- [EXERCISE DESCRIPTION]: For this exercise, write out the whole listing below exactly, omitting its images.

- [INFORMATION SHOWN]:
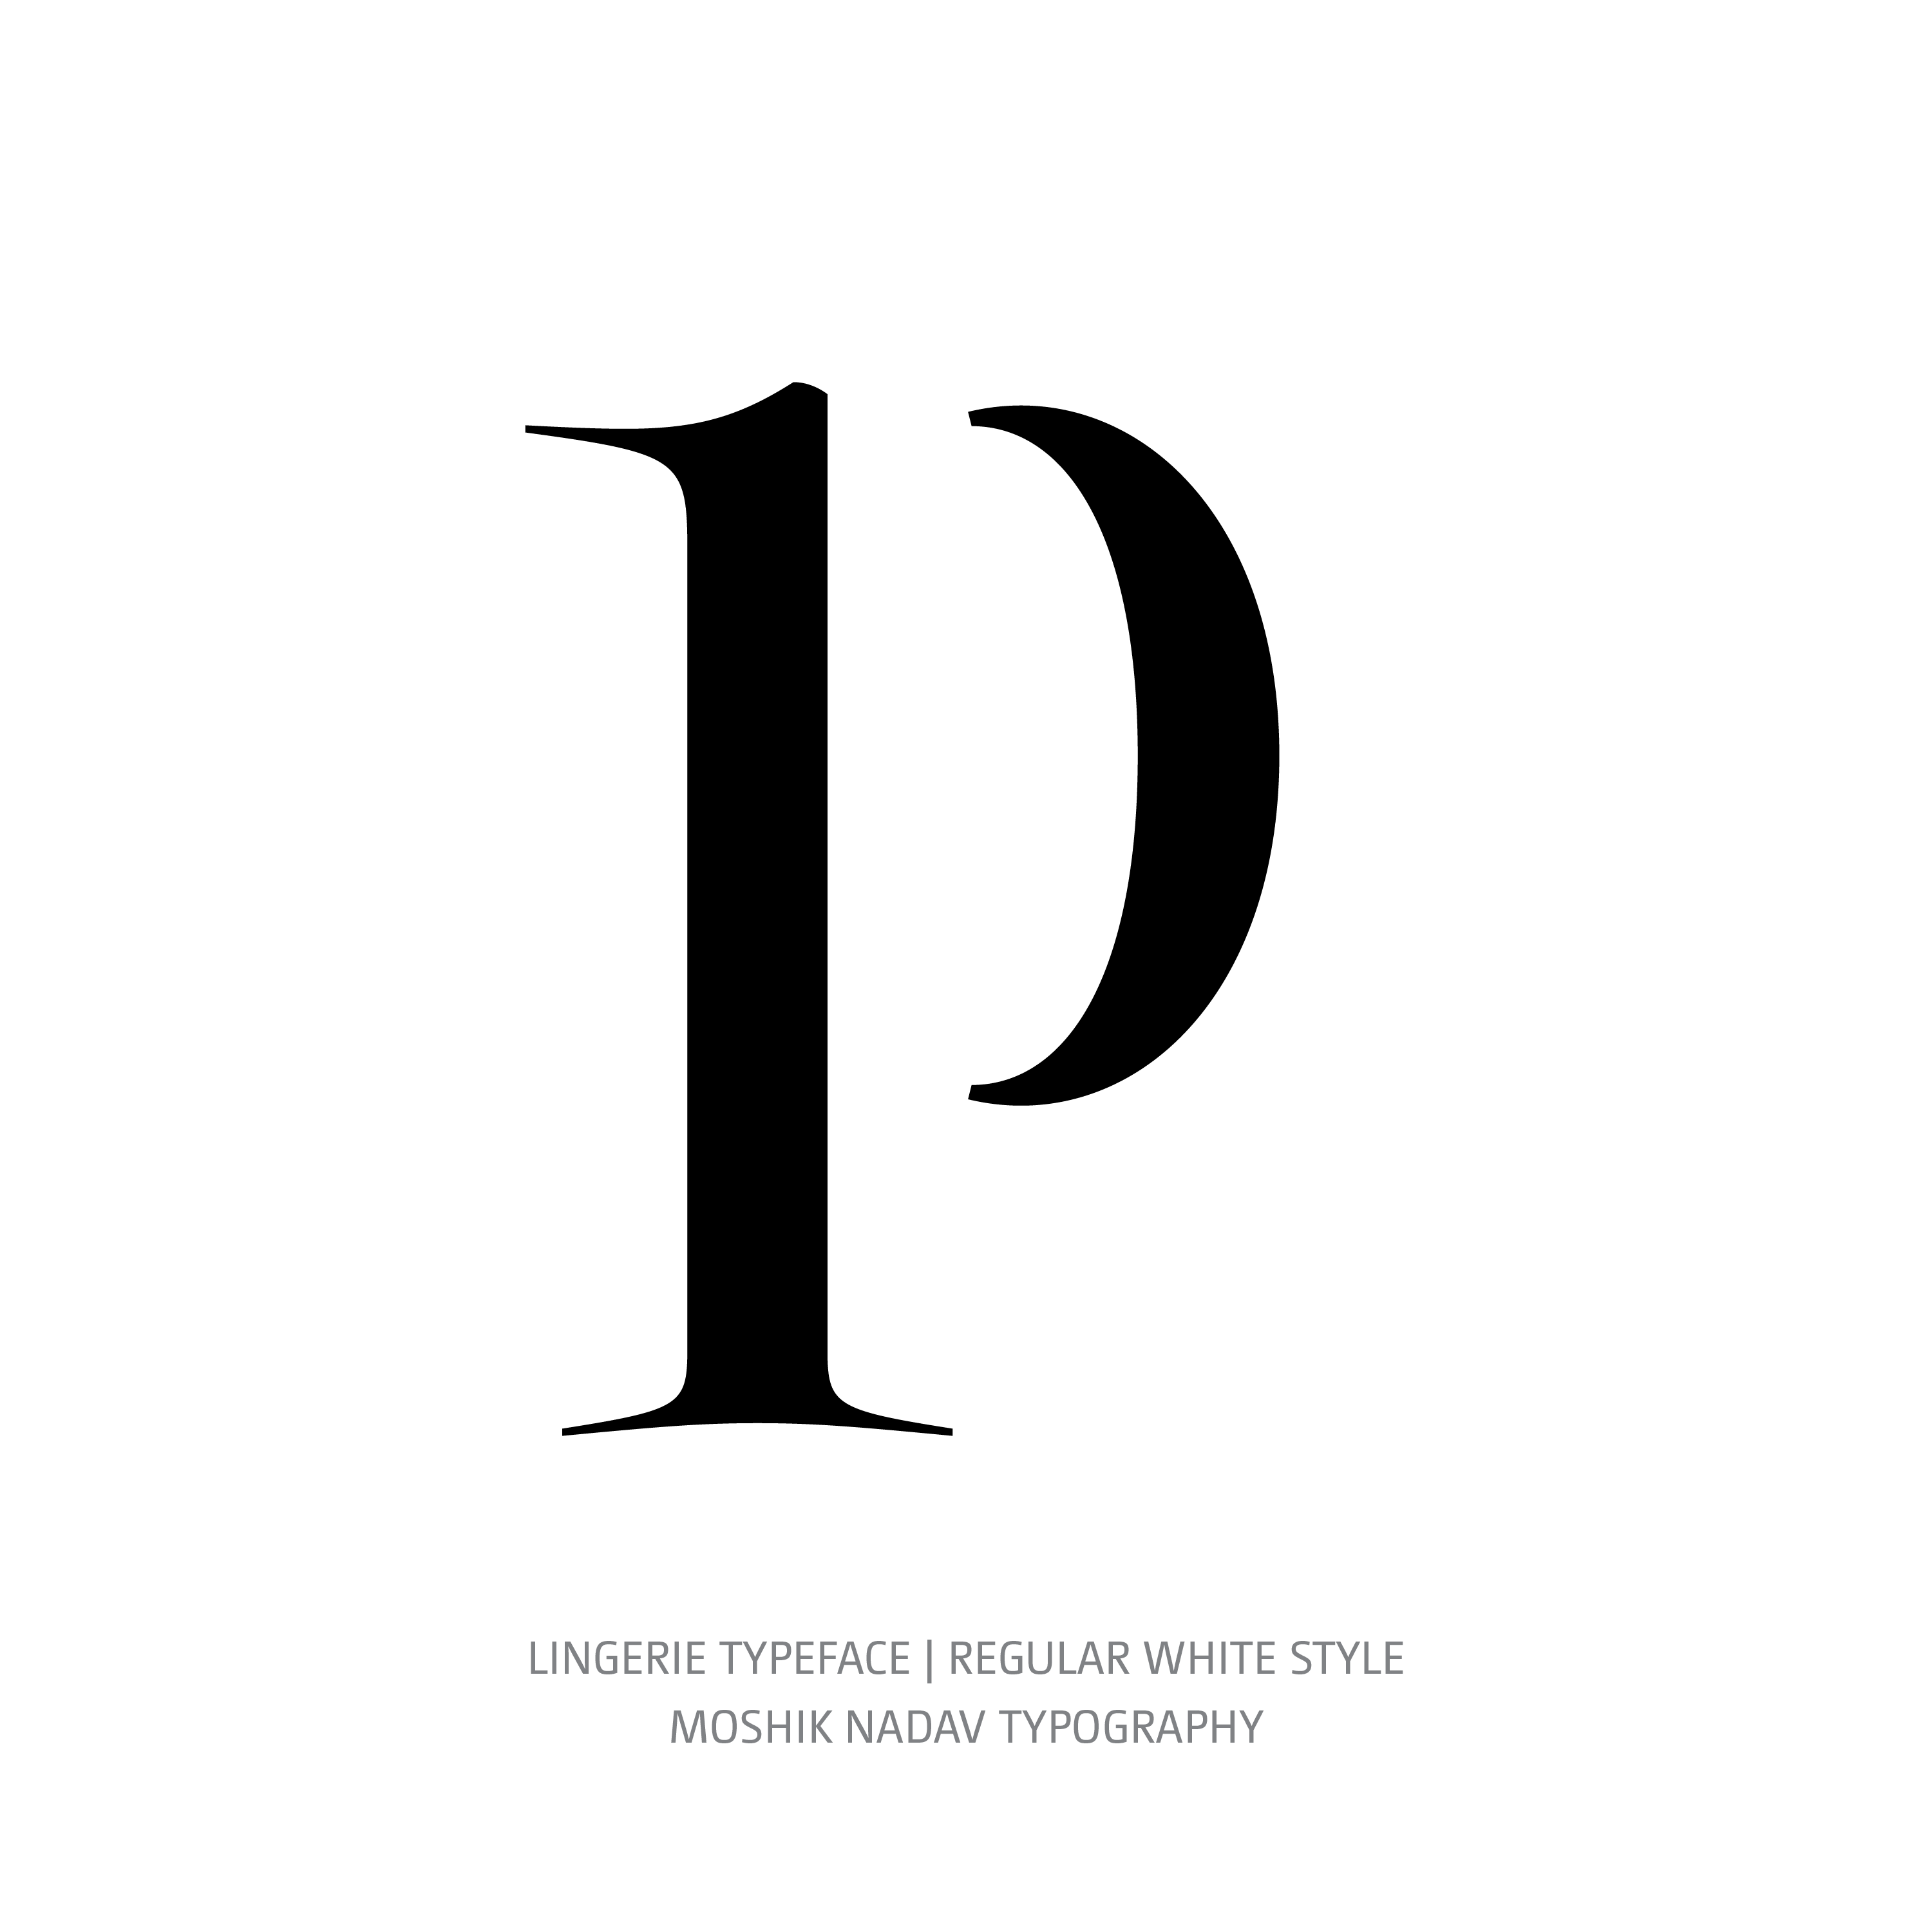 Lingerie Typeface Regular White p
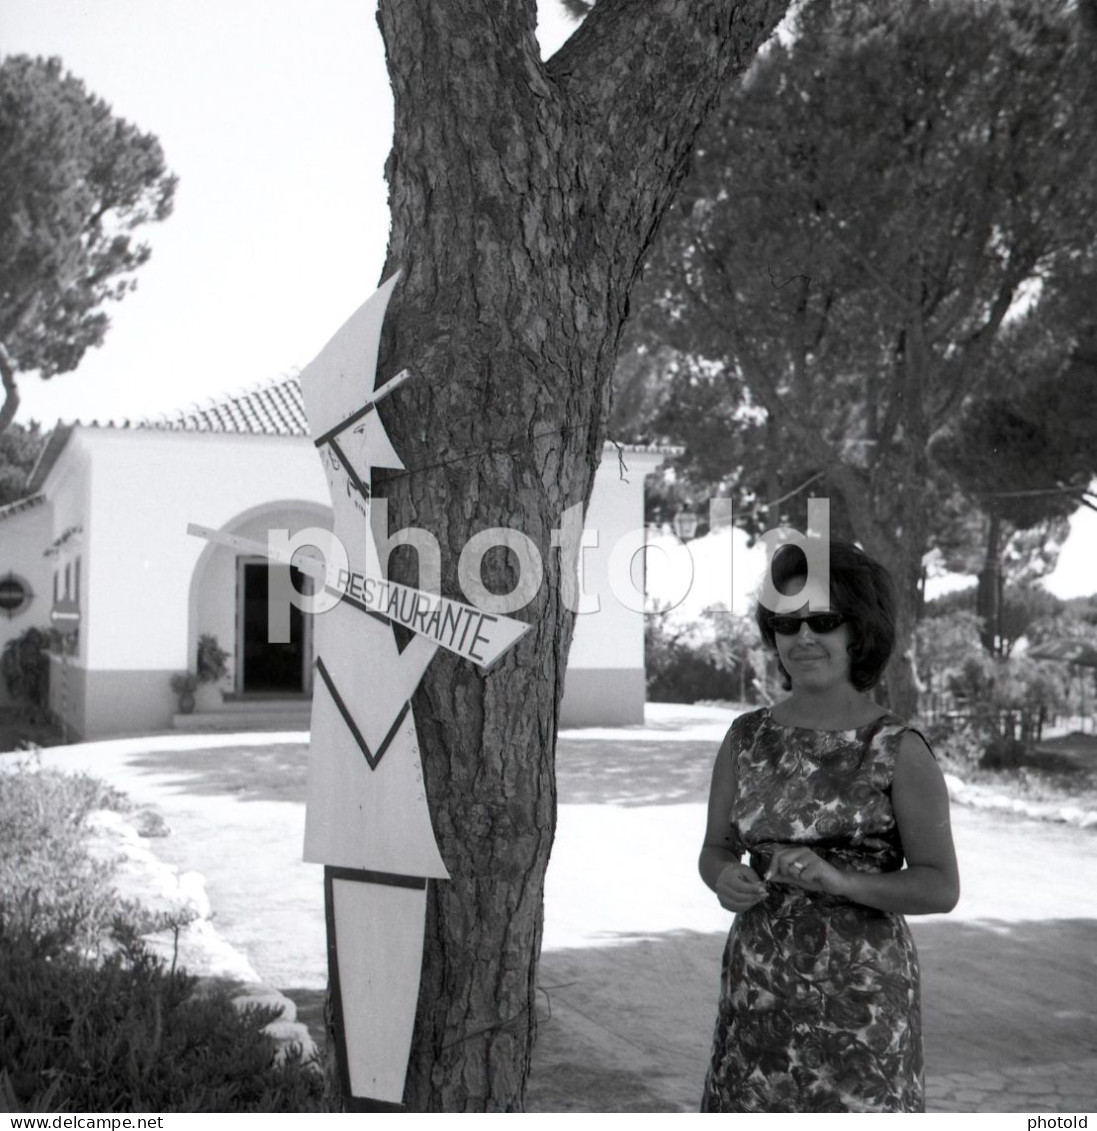 6 NEGATIVES SET 1963 WOMAN FEMME SWIMSUIT MAILLOT BEACH PLAGE ORIGINAL AMATEUR 60/60mm NEGATIVE NOT PHOTO FOTO - Non Classificati
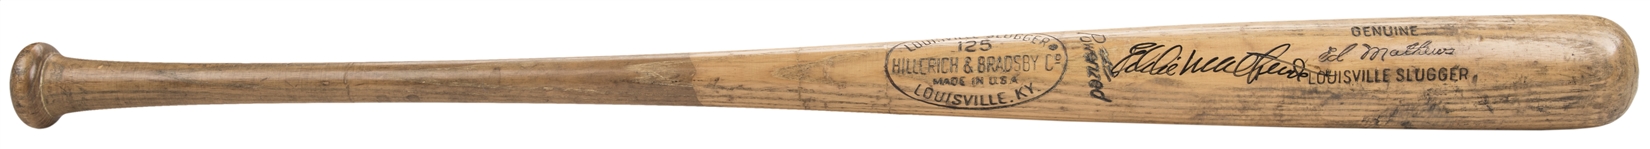 1965-1966 Eddie Mathews Game Used & Signed Hillerich & Bradsby S2 Model Bat (PSA/DNA GU 9.5 & Beckett)
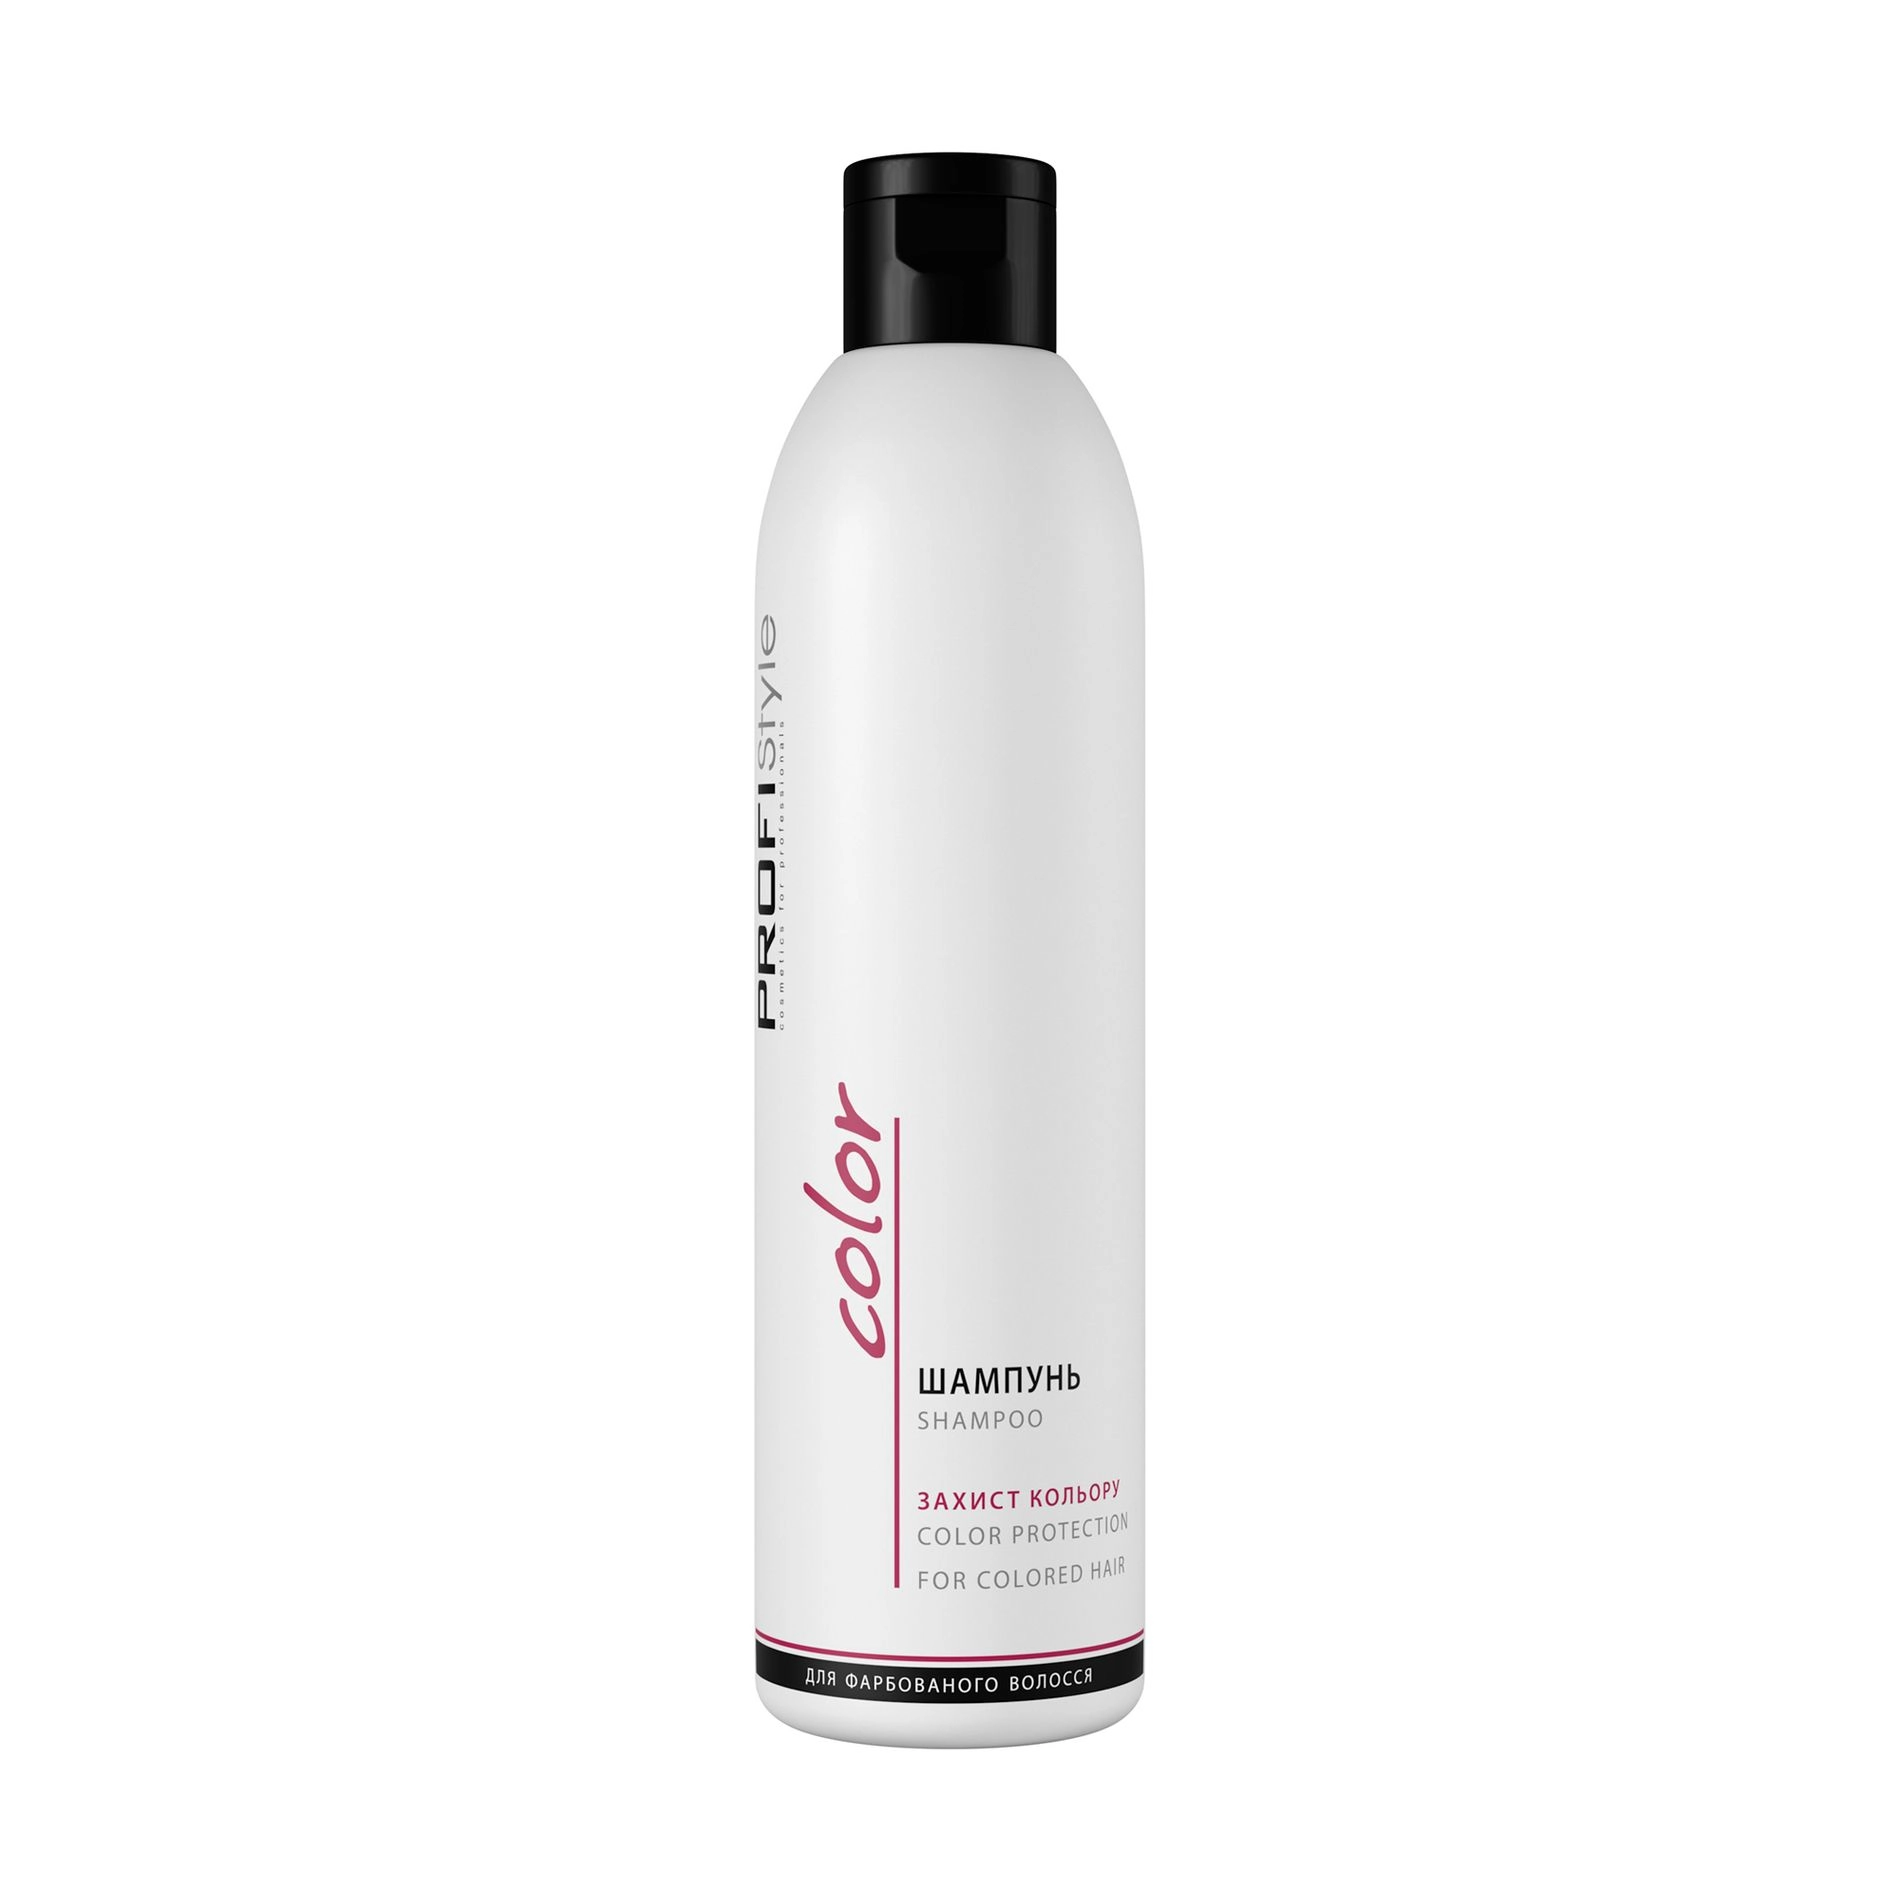 Profi Style Шампунь Color Protection Shampoo захист кольору, для фарбованого волосся - фото N1

- [OUTPUT FOR THIS EXERCISE]:
 Lingerie Typeface Regular White p
 6 NEGATIVES SET 1963 WOMAN FEMME SWIMSUIT MAILLOT BEACH PLAGE ORIGINAL AMATEUR 60/60mm NEGATIVE NOT PHOTO FOTO - Non Classificati
 1965-1966 Eddie Mathews Game Used & Signed Hillerich & Bradsby S2 Model Bat (PSA/DNA GU 9.5 & Beckett)
 Profi Style Шампунь Color Protection Shampoo захист кольору, для фарбованого волосся - фото N1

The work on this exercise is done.